**DATA EXTRACT:**
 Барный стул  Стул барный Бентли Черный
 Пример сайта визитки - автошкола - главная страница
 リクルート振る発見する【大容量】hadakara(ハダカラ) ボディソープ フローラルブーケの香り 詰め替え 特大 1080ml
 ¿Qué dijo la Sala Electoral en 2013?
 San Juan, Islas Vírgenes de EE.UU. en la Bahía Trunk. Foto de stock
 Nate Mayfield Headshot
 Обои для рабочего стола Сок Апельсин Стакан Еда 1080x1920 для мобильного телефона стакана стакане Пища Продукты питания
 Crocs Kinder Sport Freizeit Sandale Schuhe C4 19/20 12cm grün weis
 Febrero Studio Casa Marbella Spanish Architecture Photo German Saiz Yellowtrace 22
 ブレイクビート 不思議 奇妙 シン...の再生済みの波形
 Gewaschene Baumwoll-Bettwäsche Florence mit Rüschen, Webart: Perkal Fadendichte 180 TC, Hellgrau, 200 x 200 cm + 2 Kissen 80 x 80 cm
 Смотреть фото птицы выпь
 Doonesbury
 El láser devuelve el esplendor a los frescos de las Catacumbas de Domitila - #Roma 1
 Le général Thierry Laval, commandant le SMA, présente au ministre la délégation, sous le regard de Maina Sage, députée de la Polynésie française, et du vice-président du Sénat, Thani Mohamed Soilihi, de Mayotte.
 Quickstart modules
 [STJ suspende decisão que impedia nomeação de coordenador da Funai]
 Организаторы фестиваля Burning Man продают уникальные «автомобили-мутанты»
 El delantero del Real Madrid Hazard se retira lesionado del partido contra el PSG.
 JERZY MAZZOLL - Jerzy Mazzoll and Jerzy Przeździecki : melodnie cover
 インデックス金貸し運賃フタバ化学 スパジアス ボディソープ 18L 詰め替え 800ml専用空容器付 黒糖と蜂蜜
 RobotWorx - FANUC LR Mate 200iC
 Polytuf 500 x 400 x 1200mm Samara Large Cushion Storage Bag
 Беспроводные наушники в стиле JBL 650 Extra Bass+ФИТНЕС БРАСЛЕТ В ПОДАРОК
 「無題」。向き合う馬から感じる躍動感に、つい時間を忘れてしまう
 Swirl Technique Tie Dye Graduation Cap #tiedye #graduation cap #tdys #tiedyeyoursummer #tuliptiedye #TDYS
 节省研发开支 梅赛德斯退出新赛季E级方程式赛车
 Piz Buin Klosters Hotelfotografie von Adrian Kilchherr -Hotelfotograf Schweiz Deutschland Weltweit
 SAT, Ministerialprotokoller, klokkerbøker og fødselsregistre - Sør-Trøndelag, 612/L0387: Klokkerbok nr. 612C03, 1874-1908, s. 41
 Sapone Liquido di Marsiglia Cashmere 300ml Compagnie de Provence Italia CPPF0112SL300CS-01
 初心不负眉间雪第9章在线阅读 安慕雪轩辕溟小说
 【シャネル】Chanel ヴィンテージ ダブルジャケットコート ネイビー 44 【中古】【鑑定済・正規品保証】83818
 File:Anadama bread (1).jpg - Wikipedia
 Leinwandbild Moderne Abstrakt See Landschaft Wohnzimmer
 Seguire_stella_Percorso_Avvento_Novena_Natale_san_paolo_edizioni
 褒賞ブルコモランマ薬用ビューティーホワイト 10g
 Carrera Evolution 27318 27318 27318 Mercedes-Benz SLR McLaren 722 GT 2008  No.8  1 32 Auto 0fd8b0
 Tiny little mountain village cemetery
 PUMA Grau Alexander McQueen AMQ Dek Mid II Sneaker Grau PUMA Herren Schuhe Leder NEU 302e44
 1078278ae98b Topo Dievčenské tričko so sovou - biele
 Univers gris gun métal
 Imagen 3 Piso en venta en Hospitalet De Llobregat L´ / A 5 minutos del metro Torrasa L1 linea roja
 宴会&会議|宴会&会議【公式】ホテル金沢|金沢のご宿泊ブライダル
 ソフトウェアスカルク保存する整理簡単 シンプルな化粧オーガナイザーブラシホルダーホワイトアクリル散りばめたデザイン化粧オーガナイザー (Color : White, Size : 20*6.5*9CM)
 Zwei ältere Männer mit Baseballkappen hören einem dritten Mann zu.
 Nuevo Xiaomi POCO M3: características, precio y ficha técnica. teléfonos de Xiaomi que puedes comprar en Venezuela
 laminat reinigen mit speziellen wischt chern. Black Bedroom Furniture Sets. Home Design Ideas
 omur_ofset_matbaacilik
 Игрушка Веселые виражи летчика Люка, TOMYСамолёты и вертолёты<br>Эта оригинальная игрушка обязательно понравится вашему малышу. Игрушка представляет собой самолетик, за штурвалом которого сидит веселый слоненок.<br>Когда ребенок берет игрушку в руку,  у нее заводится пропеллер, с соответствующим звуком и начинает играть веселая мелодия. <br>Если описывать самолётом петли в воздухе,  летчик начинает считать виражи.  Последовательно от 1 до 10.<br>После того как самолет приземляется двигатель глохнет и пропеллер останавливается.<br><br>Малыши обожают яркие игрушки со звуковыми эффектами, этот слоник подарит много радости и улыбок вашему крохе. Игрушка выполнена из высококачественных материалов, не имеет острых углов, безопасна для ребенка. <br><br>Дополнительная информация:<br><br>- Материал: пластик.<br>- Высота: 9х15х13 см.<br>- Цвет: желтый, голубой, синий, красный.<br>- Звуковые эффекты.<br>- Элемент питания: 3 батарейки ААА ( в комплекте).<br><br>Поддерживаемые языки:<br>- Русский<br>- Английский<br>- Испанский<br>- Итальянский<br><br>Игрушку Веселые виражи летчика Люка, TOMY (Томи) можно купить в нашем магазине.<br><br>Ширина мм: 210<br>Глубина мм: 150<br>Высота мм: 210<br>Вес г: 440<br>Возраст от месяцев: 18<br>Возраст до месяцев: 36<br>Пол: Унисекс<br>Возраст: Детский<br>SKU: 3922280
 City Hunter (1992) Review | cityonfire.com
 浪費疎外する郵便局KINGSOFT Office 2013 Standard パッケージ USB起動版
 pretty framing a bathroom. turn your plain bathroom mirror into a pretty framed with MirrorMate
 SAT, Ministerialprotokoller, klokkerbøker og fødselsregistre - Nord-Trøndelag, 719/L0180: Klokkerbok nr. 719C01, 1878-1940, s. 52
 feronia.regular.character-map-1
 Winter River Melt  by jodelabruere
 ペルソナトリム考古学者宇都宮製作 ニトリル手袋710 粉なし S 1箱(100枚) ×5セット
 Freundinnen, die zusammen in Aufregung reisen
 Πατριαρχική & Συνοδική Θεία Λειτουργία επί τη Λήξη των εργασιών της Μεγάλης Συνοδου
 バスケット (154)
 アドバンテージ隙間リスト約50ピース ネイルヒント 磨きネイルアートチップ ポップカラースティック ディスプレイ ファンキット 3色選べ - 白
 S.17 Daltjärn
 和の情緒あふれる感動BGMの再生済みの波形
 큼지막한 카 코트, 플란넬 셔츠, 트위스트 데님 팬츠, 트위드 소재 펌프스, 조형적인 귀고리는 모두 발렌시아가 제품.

**TASK DETAILS:** Working from the records above, write out verbatim only the lines from the line containing "1874-1908, s. 41" through the line containing "初心不负眉间雪第9章在线阅读 安慕雪轩辕溟小说".

**RESULT:**
 SAT, Ministerialprotokoller, klokkerbøker og fødselsregistre - Sør-Trøndelag, 612/L0387: Klokkerbok nr. 612C03, 1874-1908, s. 41
 Sapone Liquido di Marsiglia Cashmere 300ml Compagnie de Provence Italia CPPF0112SL300CS-01
 初心不负眉间雪第9章在线阅读 安慕雪轩辕溟小说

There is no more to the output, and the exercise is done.